Faï Rodis se contenta de sourire.

— Je dois vous quitter maintenant, dit Tael en prenant la main de Rodis dans l’intention de la porter à ses lèvres. Après lui avoir fait « cadeau » de la mort, elle permettait cette tendresse à l’ingénieur et l’embrassait elle-même parfois sur le front. Mais ce jour-là elle retira doucement sa main et dit :

— Je viens avec vous.

— Comment ? Pourquoi ? Et les « violets » ?

Elle sourit, se dirigea vers la statue du serpent et sortit dans la galerie découverte sous le ciel nocturne, faiblement étoilé.
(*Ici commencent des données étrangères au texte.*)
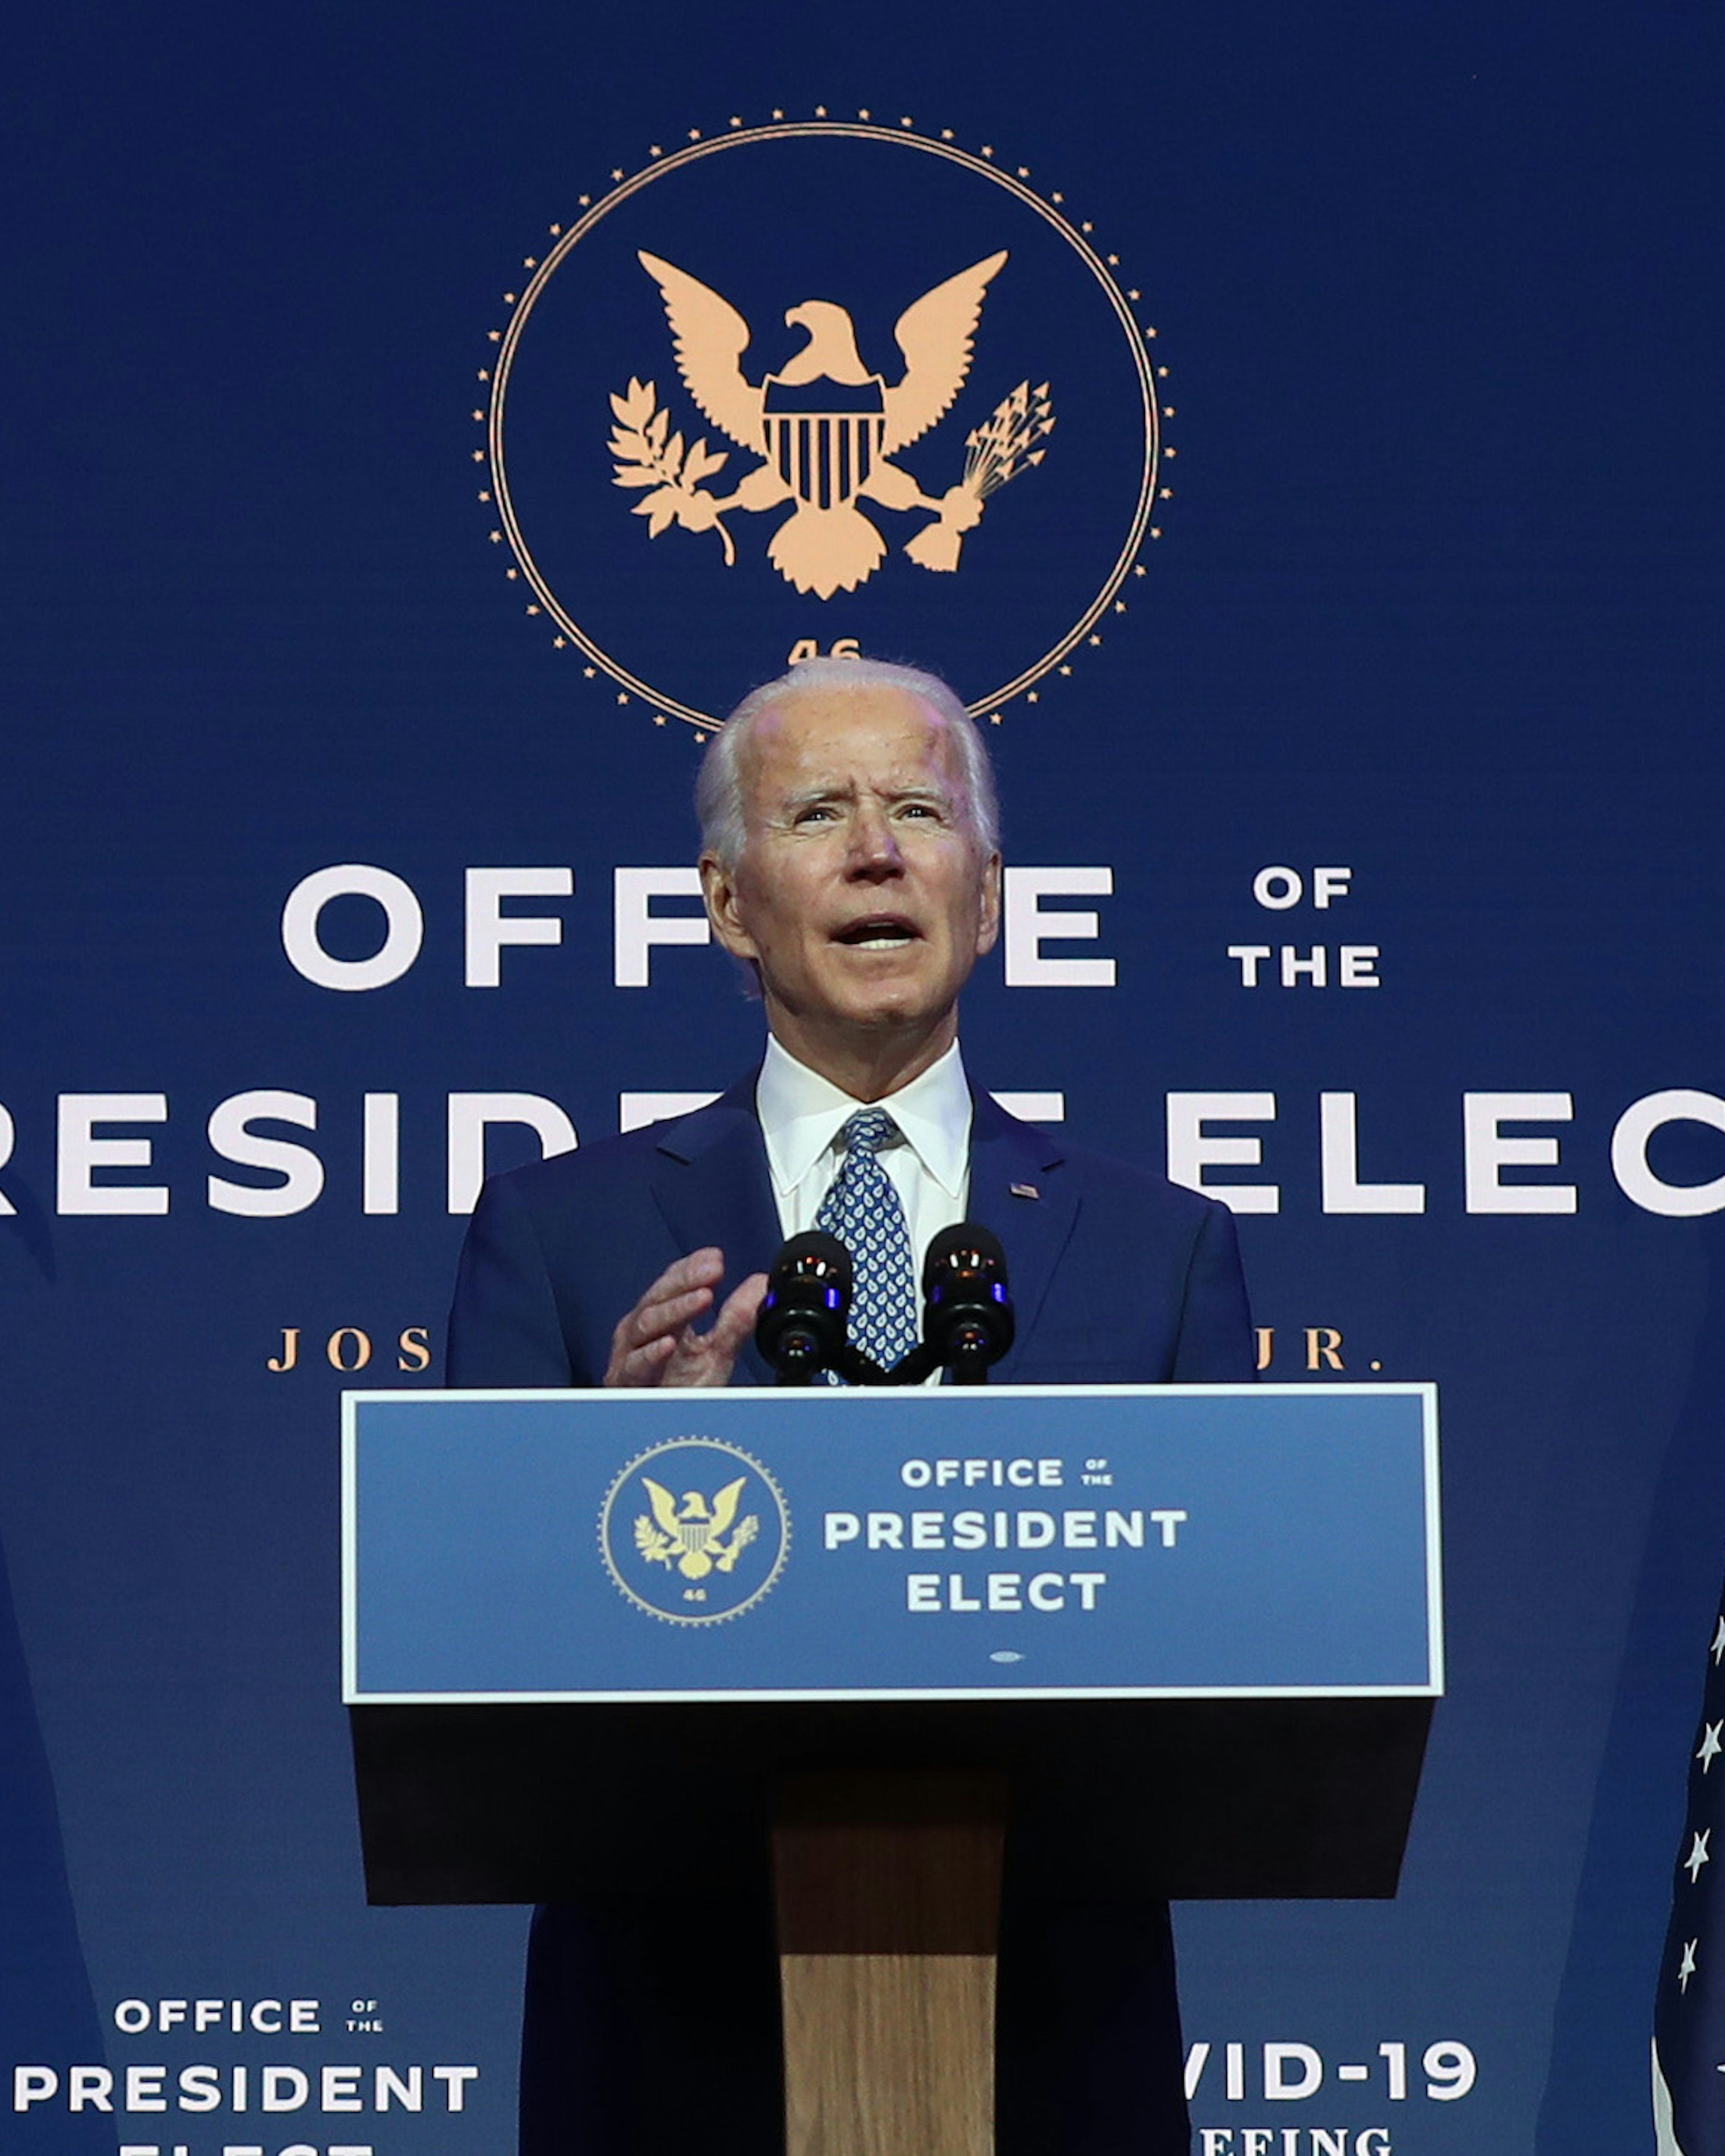 Joe Biden speaks to the media after receiving a briefing from the transition COVID-19 advisory board on November 09, 2020 at the Queen Theater in Wilmington, Delaware. Mr. Biden spoke about how his administration would respond to the coronavirus pandemic. (Photo by Joe Raedle/Getty Images)

Les « violets » qui faisaient les cent pas devant l’entrée du cinquième temple, saluèrent Tael qu’ils connaissaient, avec dédain, et ne remarquèrent pas Rodis. Quelques « violets », étaient rassemblés avec leur commandant devant les portes principales. Le commandant surveilla les formalités et exigea le laissez-passer de Tael, sans s’apercevoir que la femme de la Terre marchait à côté de l’ingénieur.

Rodis et Tael sortirent finalement sur la place du monument du Temps tout-puissant. Rodis l’avait vu très vite en passant en voiture et voulait l’examiner de près. Quatre éclairages lançaient une lumière plombée sur le monument.

— Et comment reviendrez-vous ? s’inquiéta Tael.

— Comme je suis sortie.

— Hypnose collective ! approuva l’ingénieur : on l’utilise chez nous pour les confessions publiques : Les biologistes ont fabriqué un appareil spécial en forme de serpent avec combinaison de musique, de mouvement rythmique et d’hypnose causée par la lumière.

— Beaucoup de gens, chez nous, reçoivent ce don particulier. En le renforçant par un entraînement spécial, ils deviennent des médecins, mais moi, je ne suis pas médecin. Pourtant ce don, inutile pour les historiens, s’avère utile de façon imprévue…

On entendit des pas au loin. L’ingénieur disparut derrière le piédestal, mais Rodis se mit à faire lentement le tour du monument ancien, s’efforçant de comprendre les sentiments du peuple de Ian-Iah qui avait vécu là des millénaires auparavant. Quatre silhouettes masculines fondues ensemble aux dimensions gigantesques. Sur le soubassement circulaire était écrit en lettres énormes et dorées : « Au temps tout-puissant ». Le géant de pierre était debout, les jambes écartées. Son visage impassible et inexpressif regardait l’espace découvert où convergeaient les rues étroites de la ville. Il tenait dans ses deux mains un immense bouclier portant une inscription. Un serpent de l’espèce de Tormans à la tête rétrécie sur les côtés, dépassait du bouclier, ses grandes dents venimeuses apparaissaient dans sa gueule ouverte. « Celui qui a peur de la tombe du Temps sera mangé par le serpent éveillé » lisait-on sur le bouclier. Dans la partie droite, dissimulant sous un sourire le sens sibyllin et malfaisant de l’inscription, le Temps, sous sa seconde apparence, laissait voir, sous la main tendue, des personnages flous sortant du piédestal. Dans l’autre partie, le même géant, la bouche énorme ouverte dans un rictus cruel, les narines gonflées, et le nez camus, faisait tournoyer une épaisse massue plantée de clous. Les gens se tordaient en tous sens pour protéger leurs visages et leurs têtes, tombaient à genoux, se tortillaient, ouvrant leurs bouches noircies en un cri inarticulé de souffrance. Là où la massue ne pouvait déjà plus l’atteindre, un cortège était tombé dans un fossé recouvert d’une grille à peine visible.